The ad in question is only one of several in this battle of the food processors. The battle has reached the retail level. Kitchen Bazaar, which sells both Cuisinart and Robot-Coupe, has issued a memorandum to its employes telling them exactly what they can and cannot say about each brand. "Because the court may impose substantial penalties for violation of the order, it is very important to know the above rules and exercise caution when comparing the Robot-Coupe and Cuisinart machines," the memorandum says.
The spring catalogue for Williams-Sonoma kitchen equipment stores is not quite so cautious. The chain is selling Robot-Coupe along with Cuisinart, but says in tis catalogue: "Robot-Coupe is the original food processor invented, perfected and still made in France. (It used to be called Cuisinart in this country, but it isn't any more -- see Chuck Williams' letter for more details.)"
Chuck Williams is the owner of Williams-Sonoma, and in the front of the catalogue he has written that his company "must now divide our loyalty and include Robot-Coupe."

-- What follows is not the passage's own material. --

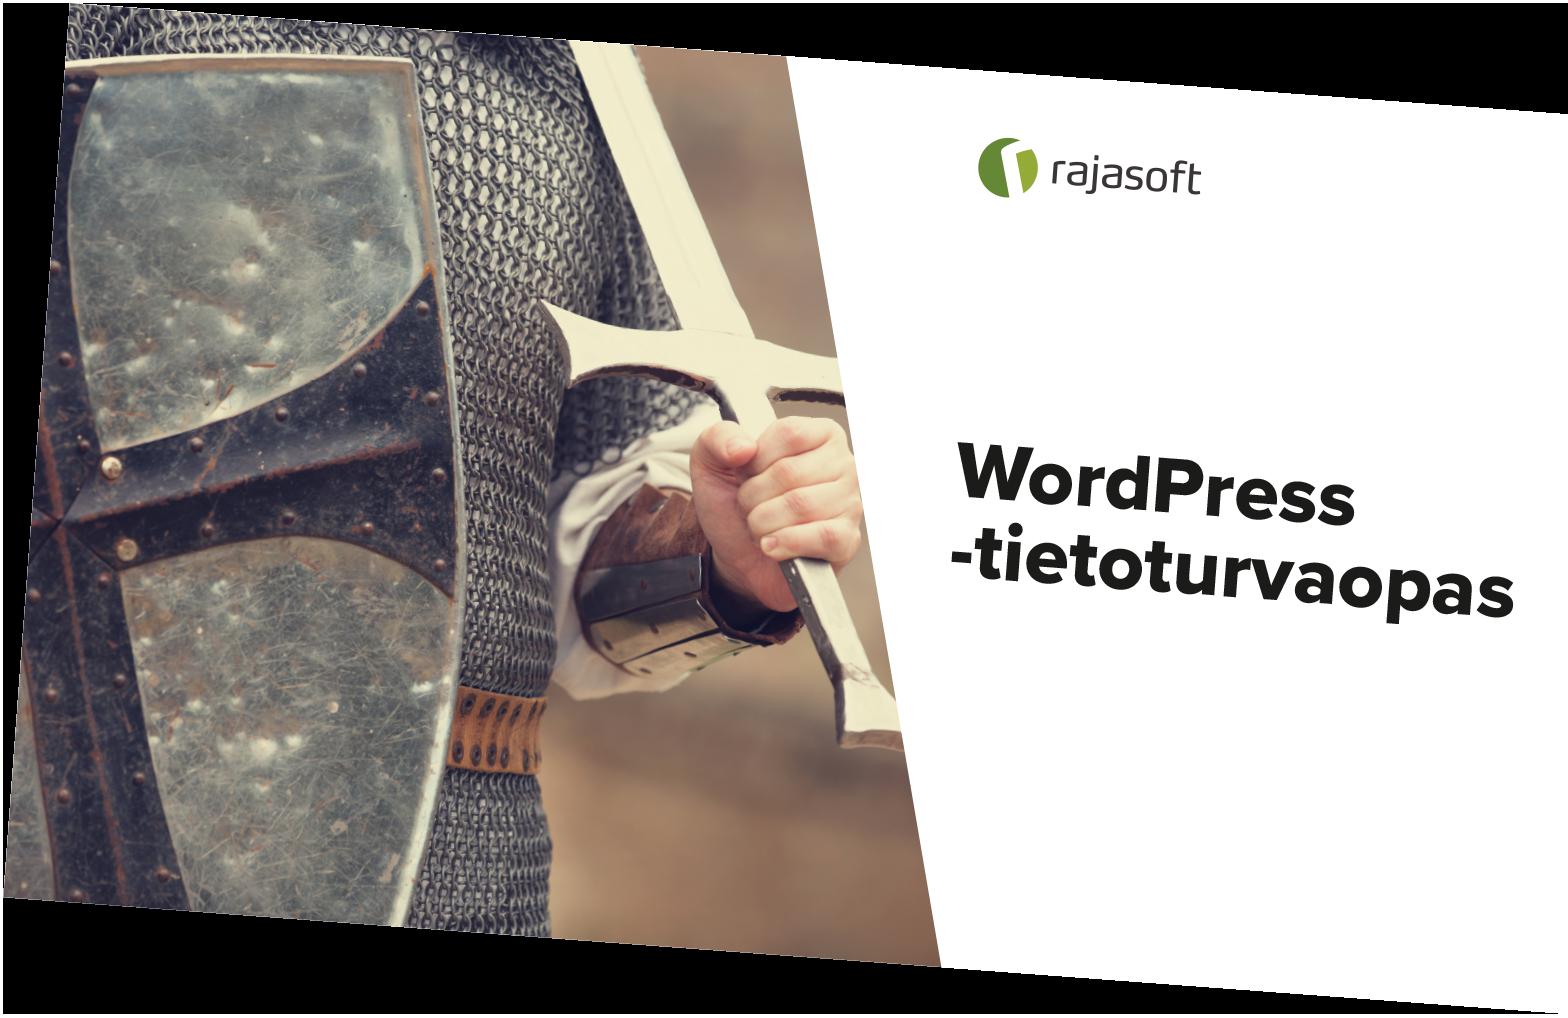 WordPress tietoturvaopas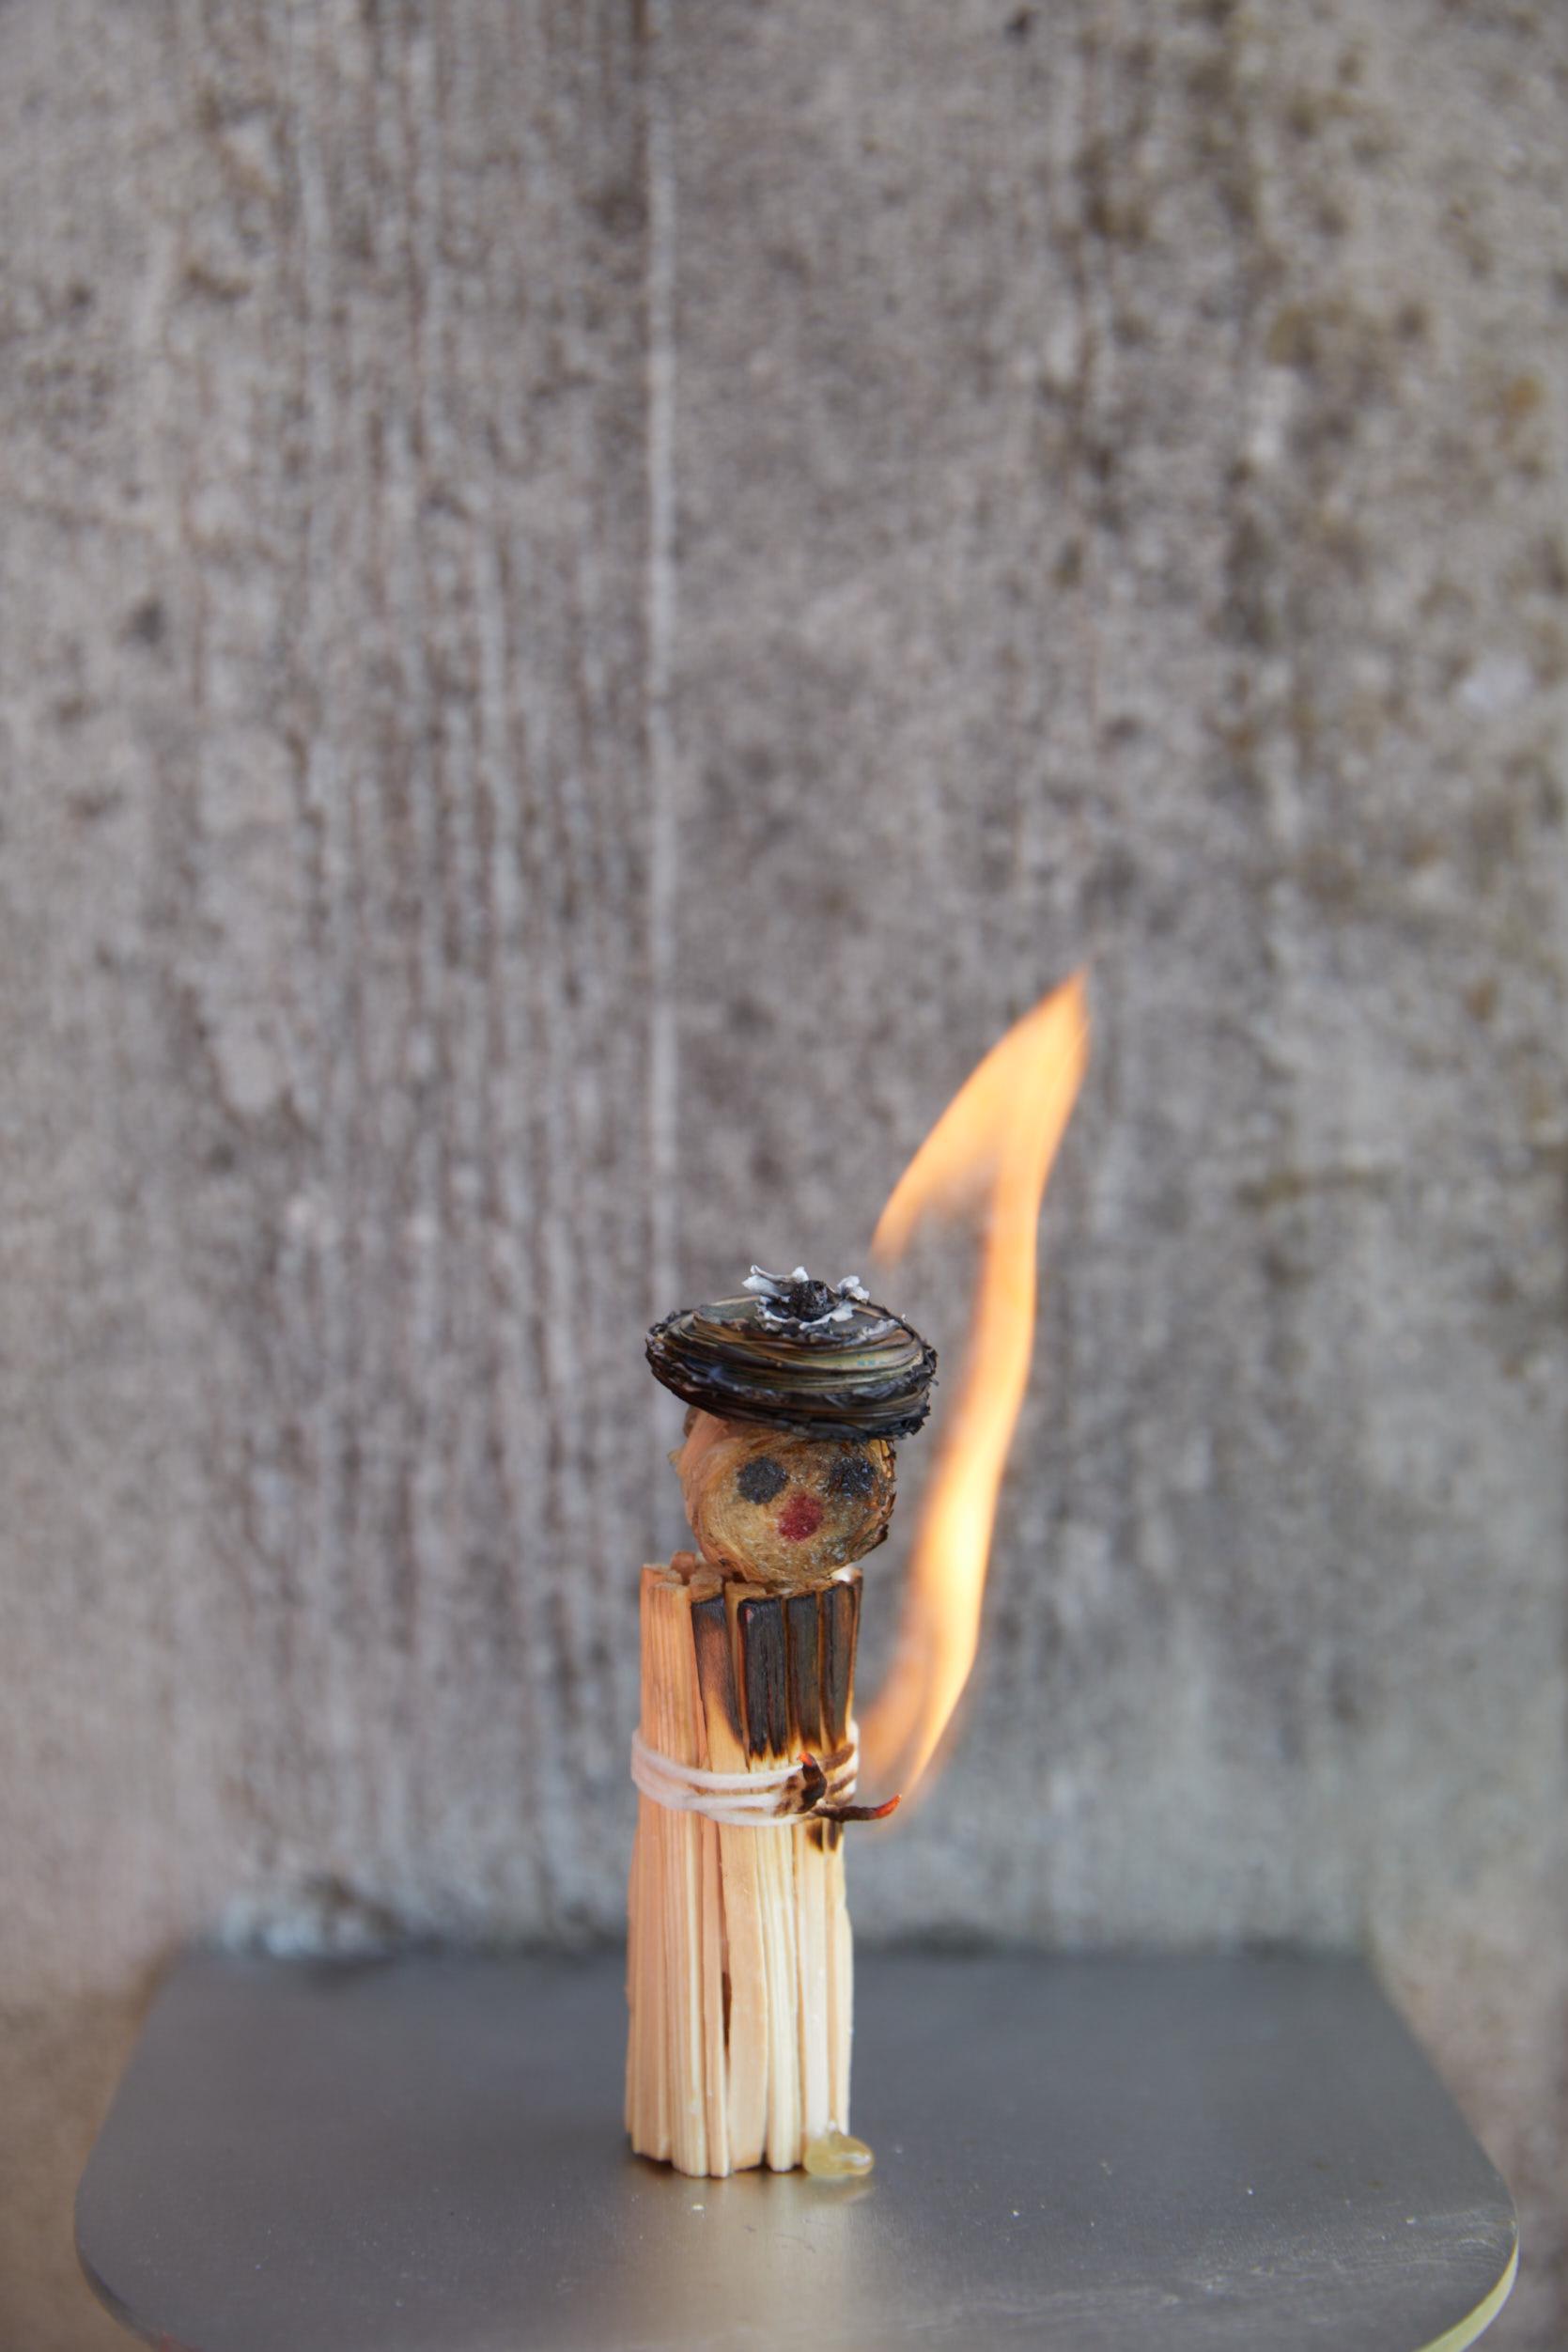 Feuriger Martin steht in Flammen.

To say the elast, customers are confused. While I was watching a test of Robot-Coupe versus Cuisinart machines in Kitchen Bazaar recently, several customers came up and asked the demonstrator which machine to buy. They look very much alike. The demonstrator, Barbara Jeffress, director of the store's cooking school, told them to watch and judge for themselves. That is what I was doing.
While the respective companies battle with words for a larger share of the market, the proof is in the equipment itself. From the limited testing we conducted (see box), unless you use the machine to knead dough, there does not seem to be a significant difference between the Robot-Coupe and the Cuisinart.